Drop off over the last two years has mostly been done at the door, so newer parents watched bemused as my husband and I handed out presents and ate pancakes with moist eyes. ‘We’ve been here twelve years and this is our last day,’ I explained.

In those years, we’ve watch childcare policy change, sometimes dramatically. We’ve seen fees rise and rebates wound back. We’ve paid hundreds of thousands of dollars for education and care for our three children, a privilege by any reckoning.

But our whole family has benefited from having our children not only in childcare, but in a council-run not-for-profit centre. Supported by local government, staff are rostered in above award ratios and staff turnover is incredibly low. Some – like the chef – have cared for and educated all my children. The kindergarten program is high quality, the educational resources excellent. My youngest attended primary school transition with all his little mates.

Through lockdown after lockdown, the centre has provided affordable care without compromising staff pay or wellbeing.
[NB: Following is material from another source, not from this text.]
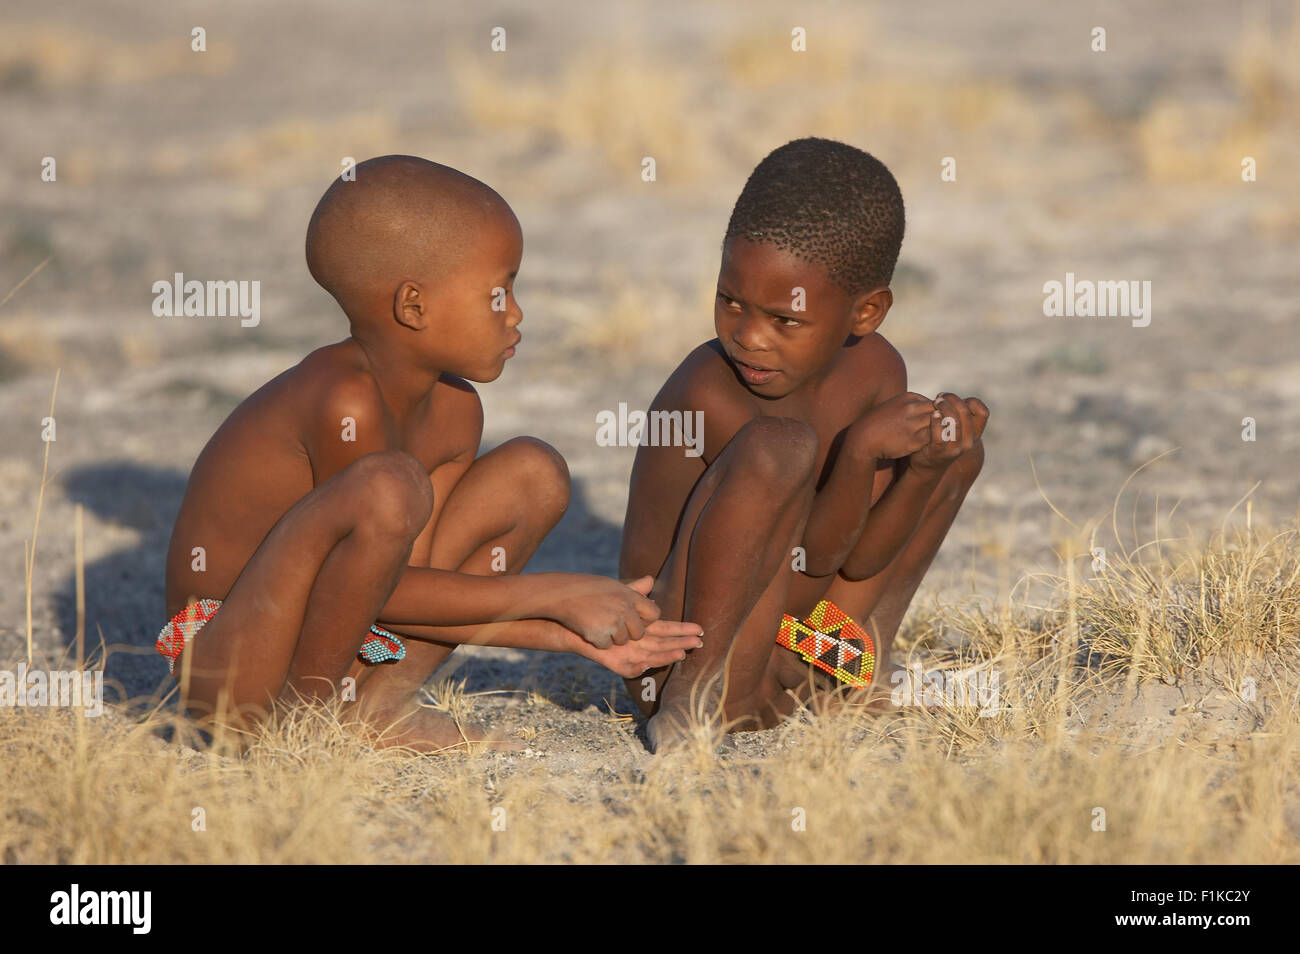 Bushman children Stock Photo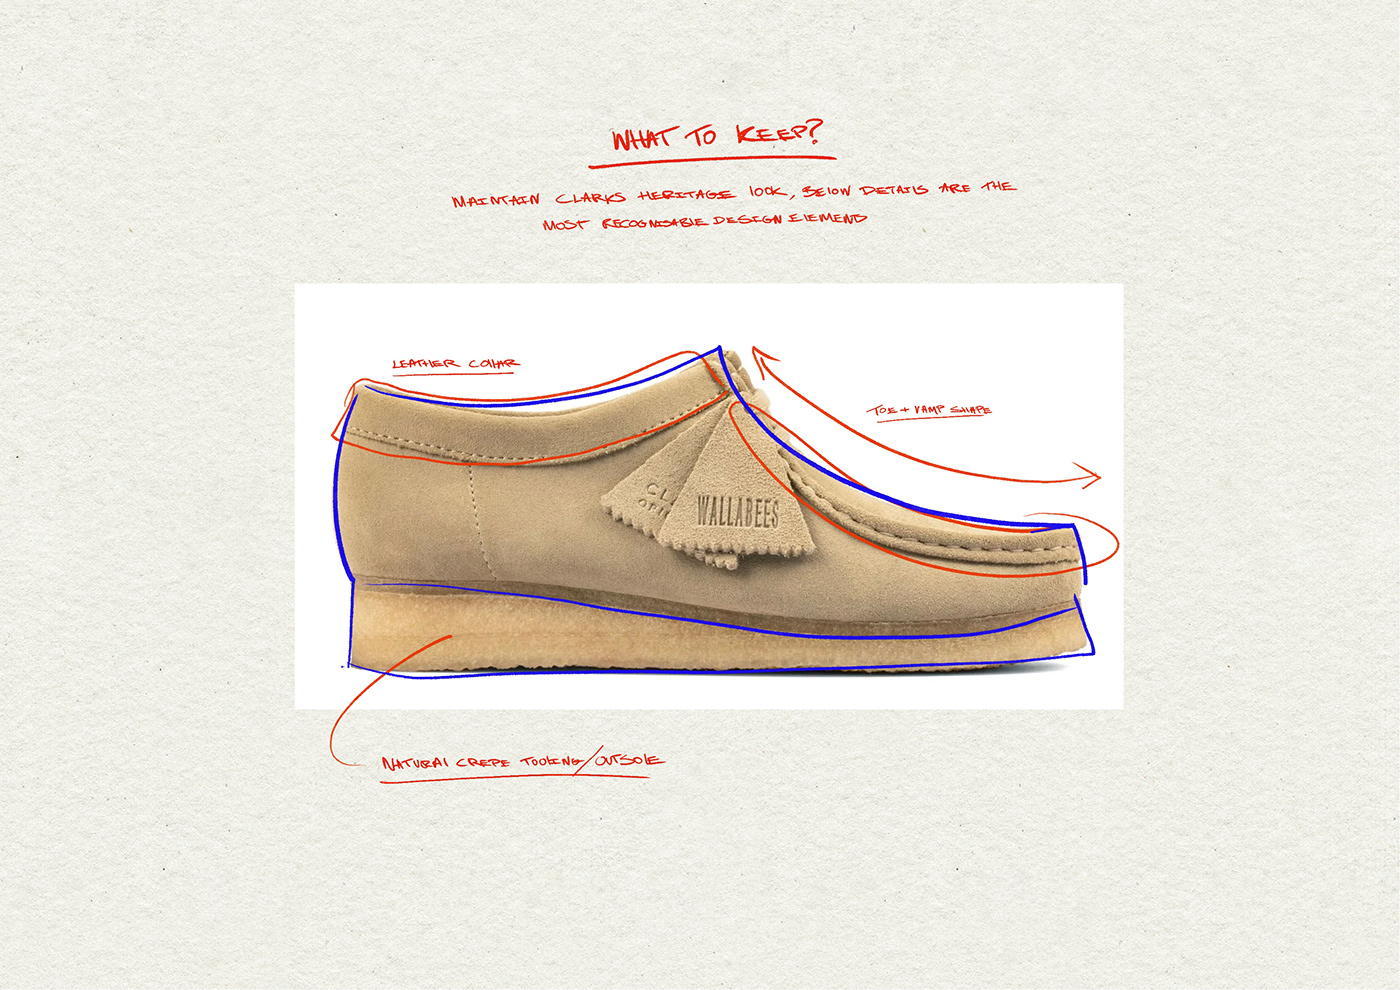 footwear design sneakers Clarks milton lennox cato blender Fashion  industrial design  STUDIO DSRPT REMIX WALLABEE REMIX

While other parents withdrew their children from privatised centres who couldn’t or wouldn’t offer fee relief after the initial financial support for childcare centres was withdrawn, ours was able to keep doing so.

Over the last twelve years, our children have thrived and both our careers have gone from strength to strength. I’ve never stopped feeling lucky that on that day in late December 2009, we were offered a place in a local government supported childcare centre.

What frustrates me, though, is that this could be repeated at a national level. In the same way that primary and secondary school is funded and provided as an essential service, early childhood education and care could be too. Parents in Australia currently pay among the highest out-of-pocket fees for early childhood education and care in the world – with the consequence that access to care is reduced, children miss out on early childhood education especially at the 3 and 4 year old level, and there are financial impacts on families (especially women) by limiting the number of hours of paid work.

Even if improved care and educational opportunities for children wasn’t a valuable objective in its own right, the economic benefits of free early childhood education and care are clear, especially by improving rates of female workforce participation.

My own journey in the trenches of early childhood ended a week ago – despite the chef’s suggestion, we won’t be having ‘just’ one more. But I’ll never stop being grateful that our local government chose to invest in the wellbeing of children, and that we were one of those lucky enough to access those services, nor stop advocating for universal access for all children. Even though we no longer need it ourselves, it’s a key policy I’ll be looking for at the next federal election.